In response to a post Greg Robinson about cancelling his MSDN subscriptions due to excessive focus on unreleased technologies by Robert Scoble writes

 MSDN, by the way, is like a PDC. It focuses on newer stuff and is produced by Microsoft. The other magazines are not tasked with covering the new stuff as much.

This assumption is wrong on so many levels I don't know where to start. It is telling that MSDN has strayed from being where developers get up to speed on existing Microsoft technologies to being a primarily a monger of vaporware. If MSDN is to be likened to a conference it should be TechEd (focus on existing technologies and best practices with a smattering of sneak peaks at the future) not PDC (focus on technology that won't be released for 2 to 4 years or that may not make it past the chopping block).  I've pinged various content strategists at MSDN and Sara Williams about this in the past with the responses being that most of the content is still about existing technologies.

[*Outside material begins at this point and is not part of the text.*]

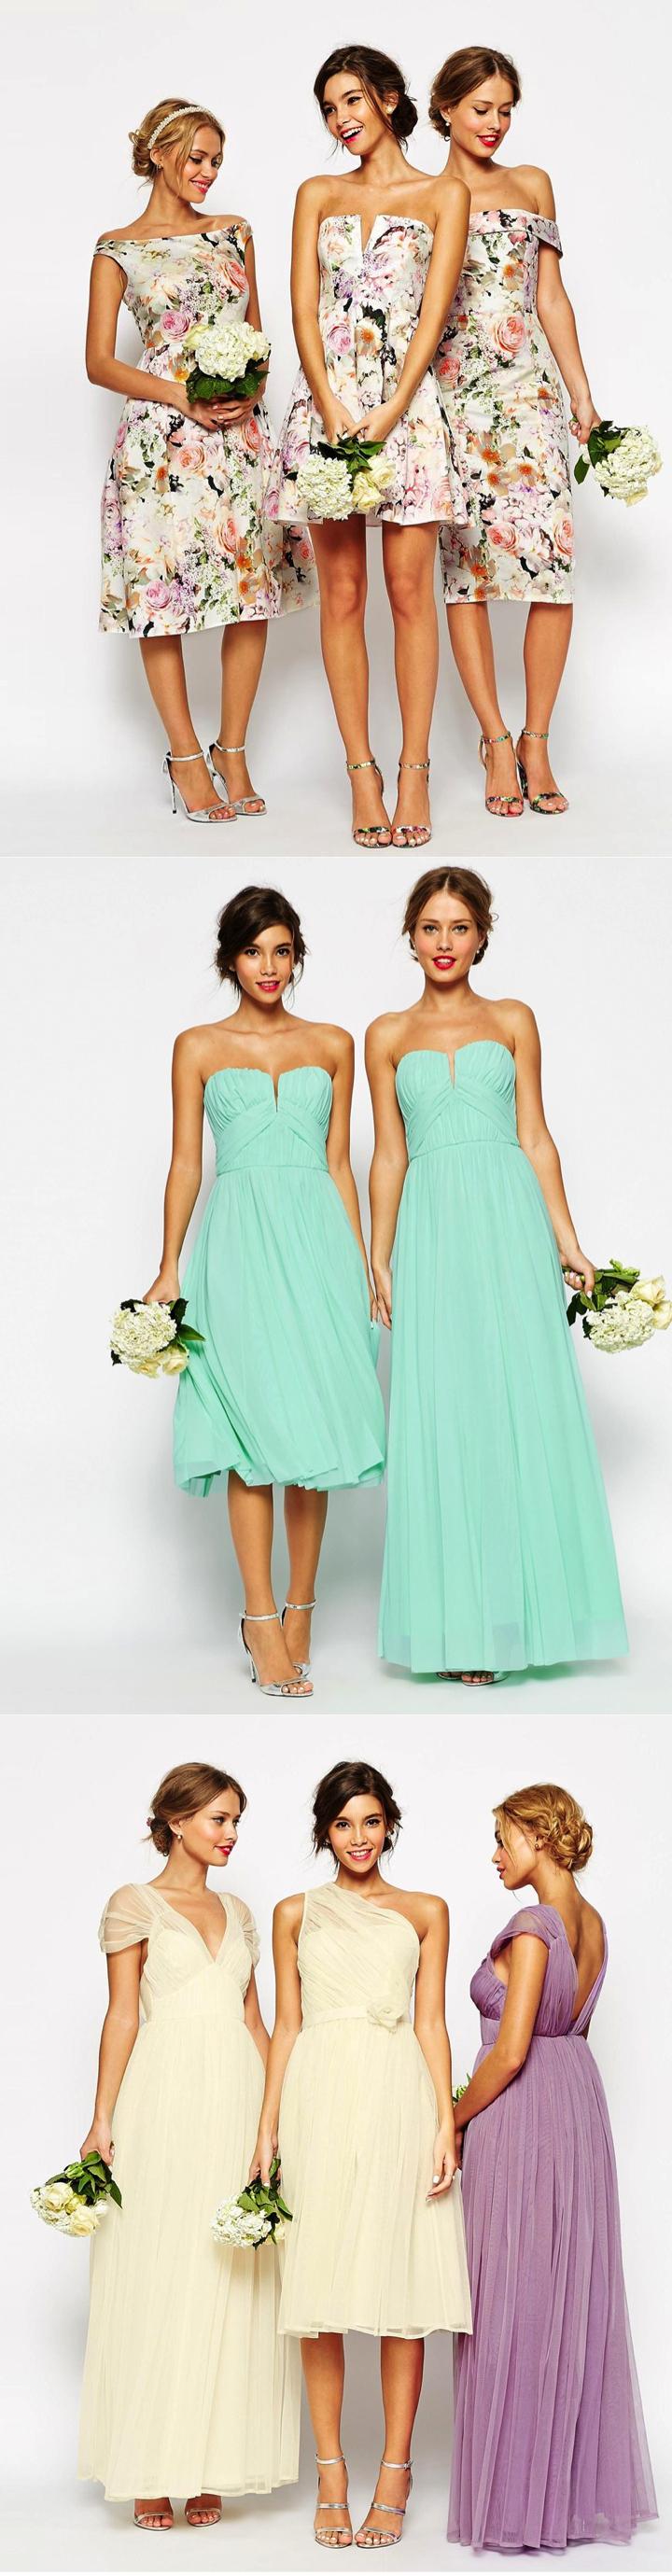 Bridesmaid dresses that wont break the bank banks wedding and bridesmaid dresses that wont break the bank banks wedding and weddings ombrellifo Images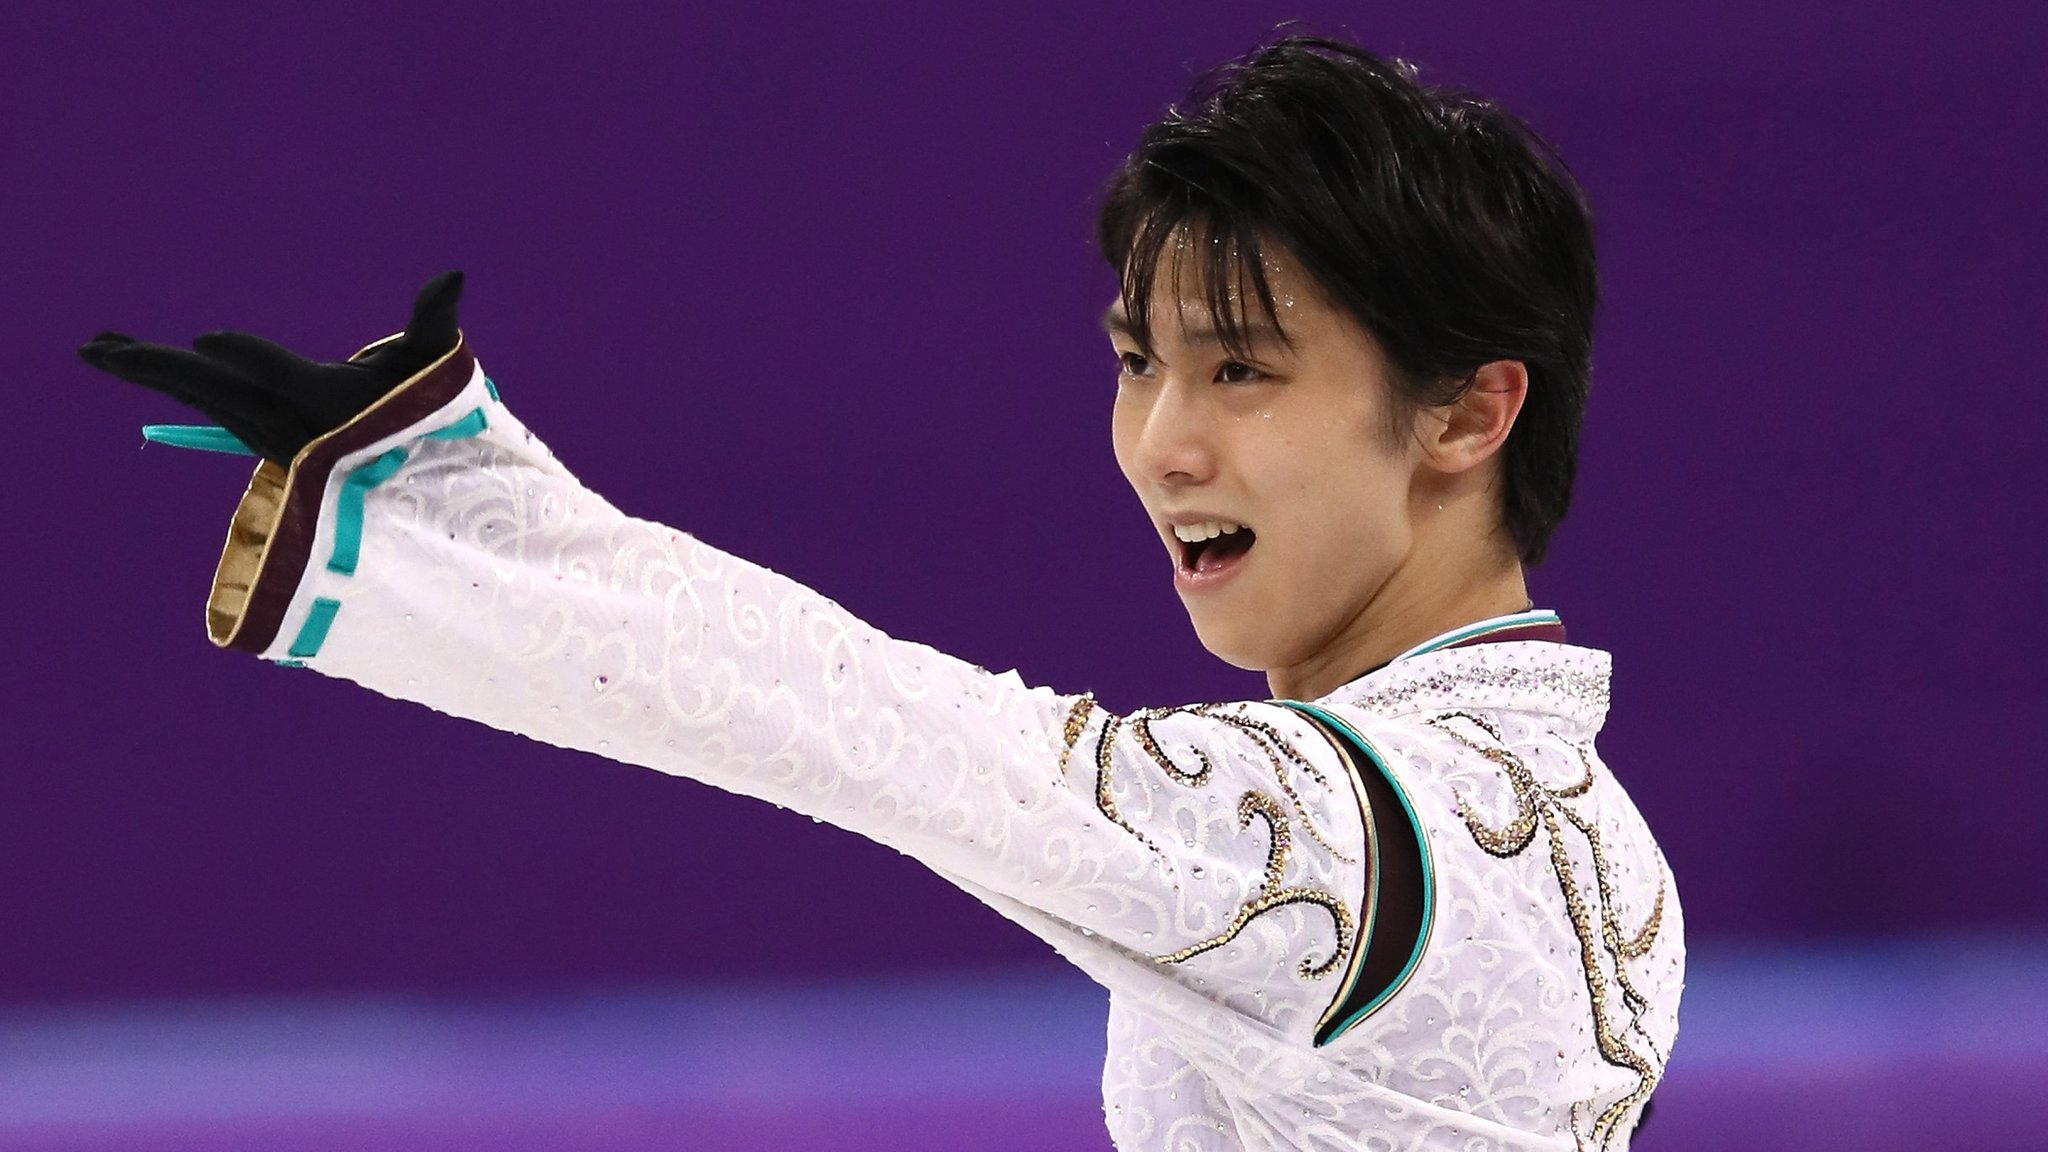 Winter Olympics: Japan's Yuzuru Hanyu wins historic figure skating gold

I suspect that what people resent is the fact that the releases are so far off (Whidbey is 1 year away, Longhorn is 2 years away) and there aren't any publiclly generally available releases that are easy to get into which makes the frustration at articles about MSBuild, Avalon, Indigo, etc more difficult to stomach. It's one thing to see articles about beta technology you can download easily off the 'net and another to see articles about technology that is still in alpha which isn't publiclly available.  I don't intend for the MSDN XML Developer Center to go this route and so far have tended to focus the content appearing on the site about working with existing technologies.